As you can see, if an application resolves DLL symbols manually (dynamic binding), the process of figuring out what DLLs are being referenced is not as straightforward.
I have learned that you can:
Convert a .DLL file into a .DEF file, which includes its exports
(Edit: This doesn't work with many conventions)
Convert a .DEF file into a .LIB file, which you can use to link to the DLL
Why can't (most) linkers link to a DLL given only a .DEF file, instead of a .LIB file?
Ultimately, the answer here is 'because noone wanted it badly enough and it doesn't really help anything'.
The DEF file is an input file that creates an import lib for the DLL. And then, later, when the DLL is being consumed by another link, the importlib is itself an input. The importlib looks like something special on the outside, but when you look at the inside it's really just a slightly special lib with objects in it.

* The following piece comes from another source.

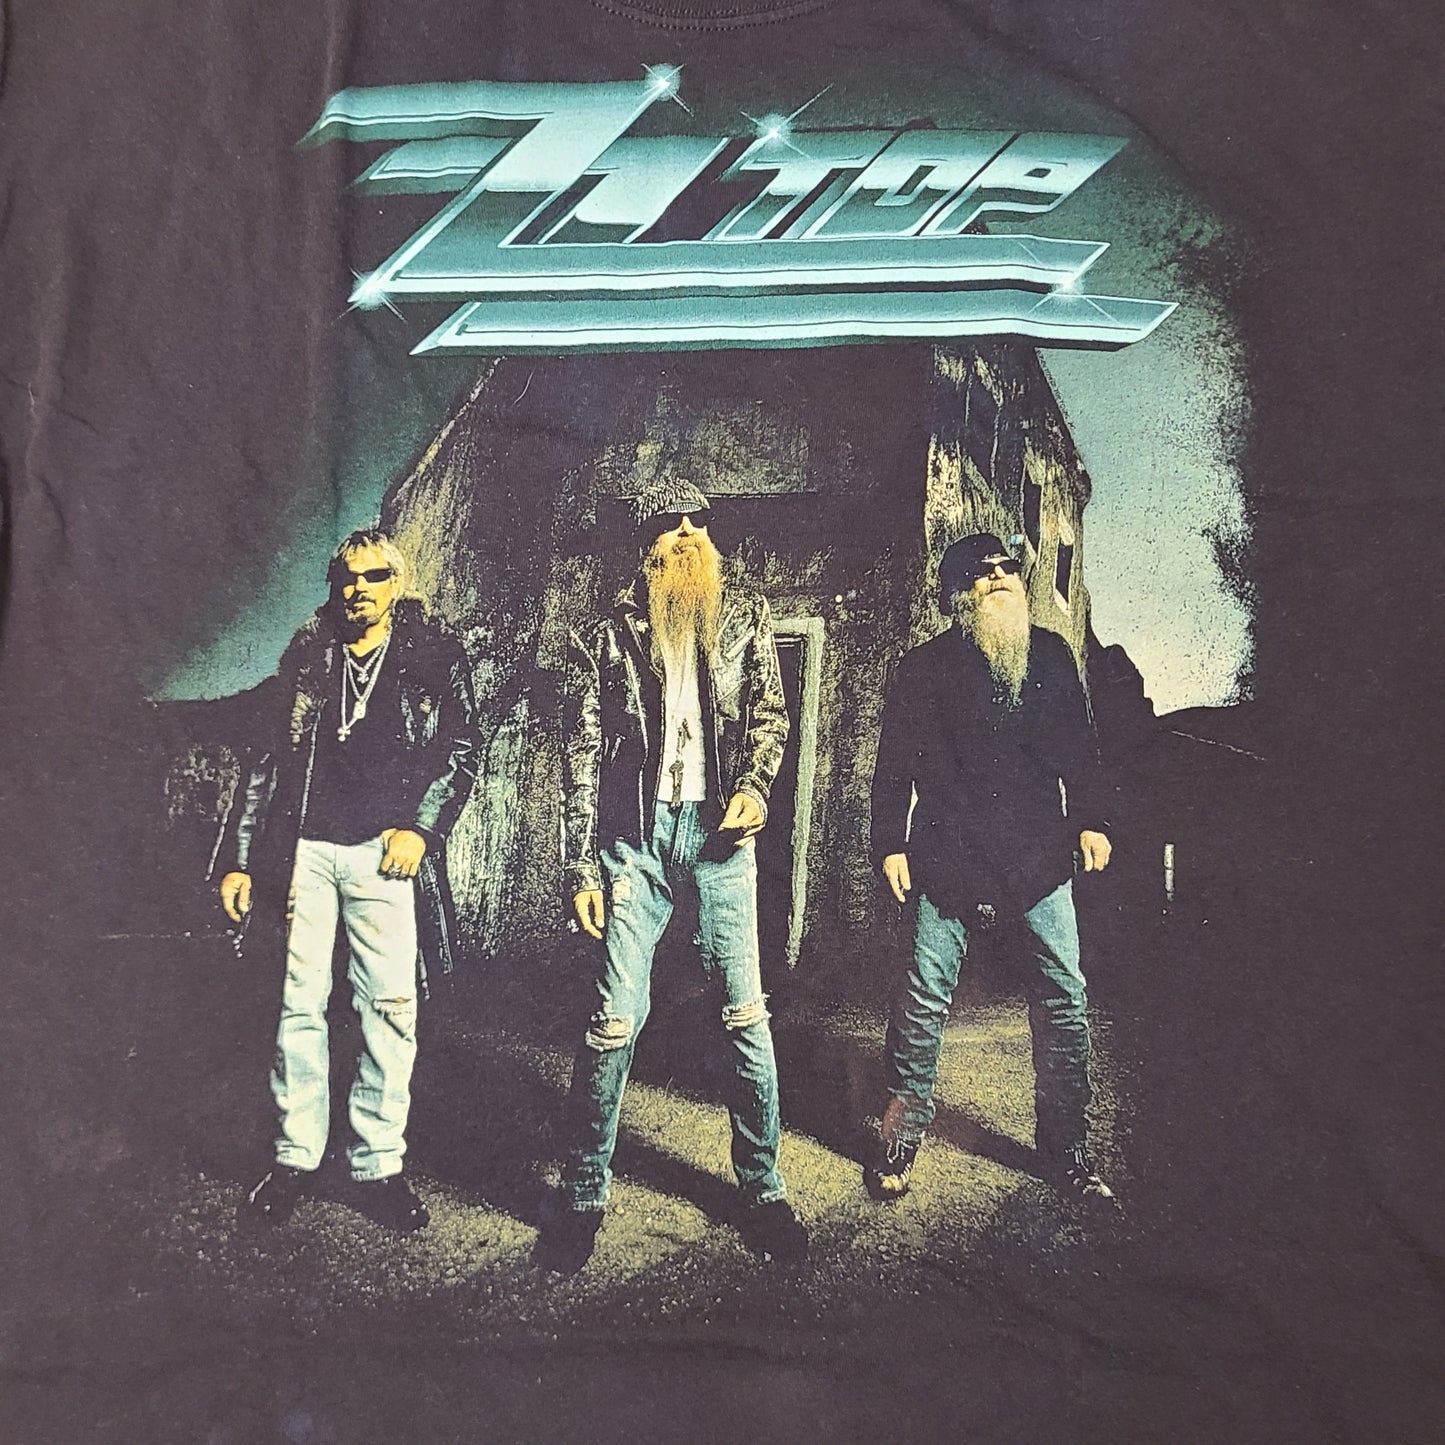 ZZ Top True Vintage T Shirt

It totally would be possible to modify the linker to take a def file (or a DLL, for that matter) directly.
But the design centre of the linker is that it takes objects as inputs and outputs a PE executable. So taking a DEF or DLL as an input goes outside the design pattern.
Beyond that it'd be rather pointless - allowing the linker to take a DEF file or DLL as input would neither enable any important new scenarios, nor does leaving this feature out block anything. Converting a DEF file you have (even without the actual DLL) into a usable importlib is the work of a few moments (simply create fake empty function for each DEF entry and link that). So there's no reason to add the ability to link a DEF file directly.
Martyn
In terms of MSVC, .lib files are always static libraries. They get linked in as a compilation unit along with all your compiled .c/.cpp files, so all of the library's code is included in your final executable.

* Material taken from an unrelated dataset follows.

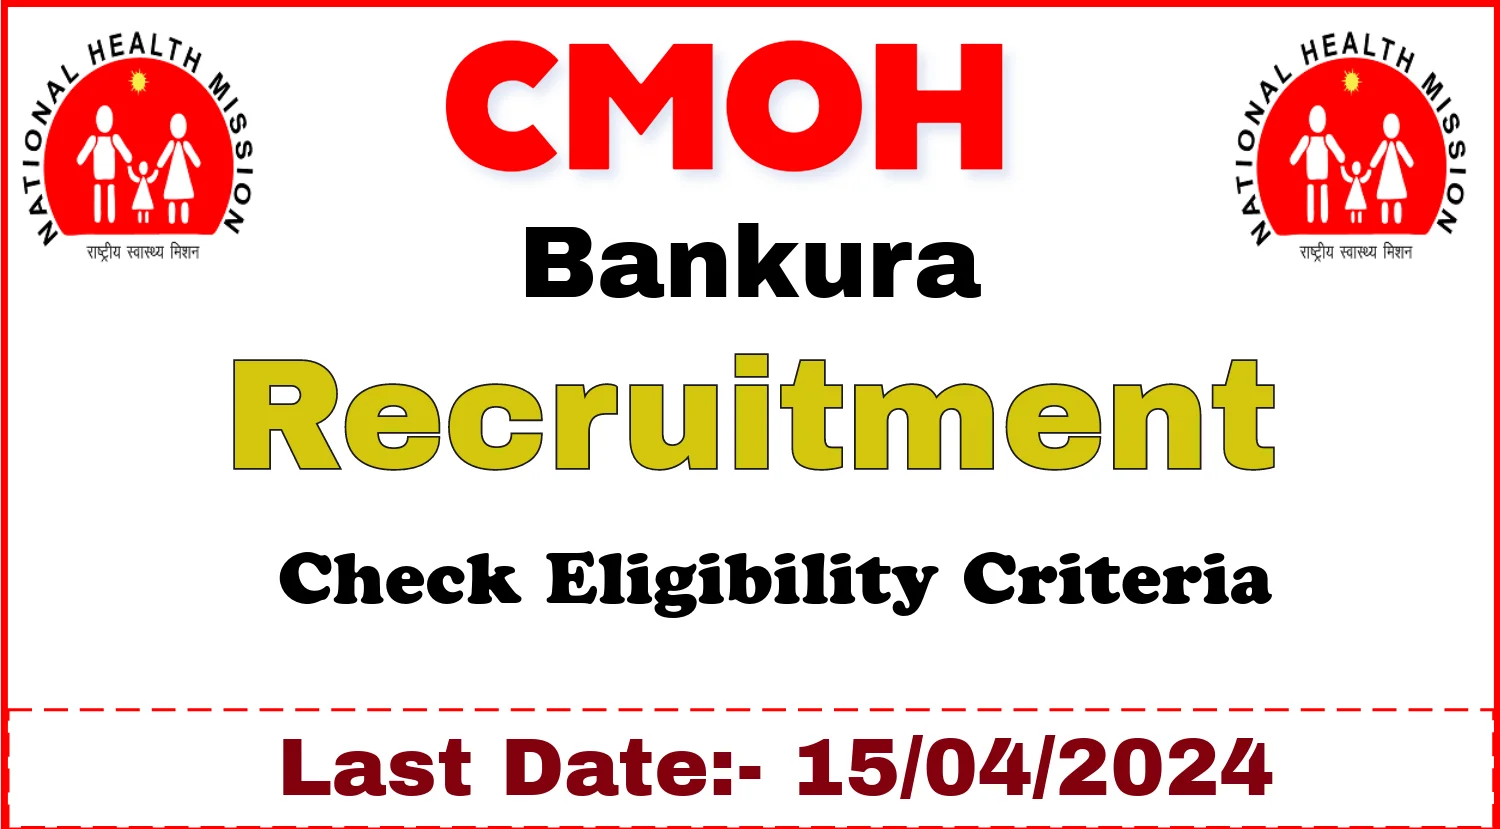 CMOH Bankura Recruitment 2024, Check Details Now

Some .lib files, however, (in particular most of the Windows system ones) merely contain stubs which tell the OS to load the desired DLL at loadtime and then the stubs route function calls to the DLL. But, those stubs are statically linked into your executable. Your program will then use DLLs (and gain all the advantages and disadvantages thereof), but since the named DLL functions it requires are happily located in the .lib (and thus actually located in the executable itself), your code doesn't have to know it's using a DLL (specifically using declspec(dllimport)).
A .def file is merely used as a sort of "settings" or "configuration" file during the creation of a .dll to specify what functions the file should export. It cannot be linked to, as it doesn't really describe anything that the linker understands.
You do not convert a dll to a DEF file. The DEF just indicates which dll functions will be accessible from the outside, exported.
From the docs:
A DLL file has a layout very similar to an .exe file, with one
important difference — a DLL file contains an exports table. The
exports table contains the name of every function that the DLL exports
to other executables. These functions are the entry points into the
DLL; only the functions in the exports table can be accessed by other
executables. Any other functions in the DLL are private to the DLL.
The exports table of a DLL can be viewed by using the DUMPBIN tool
with the /EXPORTS option.
You can export functions from a DLL using two methods:
Create a module definition (.def) file and use the .def file when
building the DLL. Use this approach if you want to export functions
from your DLL by ordinal rather than by name.
Use the keyword __declspec(dllexport) in the function's definition.
When exporting functions with either method, make sure to use the
__stdcall calling convention.
Use the provided link to learn more about exporting from your dll's.
I think you got down voted because your point is not really clear, at least not to me. Also check this. It explains how to choose the export method.
Mehrdad, this isn't always a question of how to LINK to a DLL, as I, personally have NEVER linked a DLL using a .DEF file. What I HAVE done is take someone else's DLL, and very painstakingly constructed a header file, or rather, function prototypes that I could use with
LoadLibrary() in C, Declare Function ... Lib "Foo.dll" Alias "OrdinalName" in VB, and
[DllImport()] in C#.
Of course, this is RARELY done, as if you are using a DLL for something, normally you have permission to do so, and the authors provide the .lib's, and the headers to go with the binary DLL file.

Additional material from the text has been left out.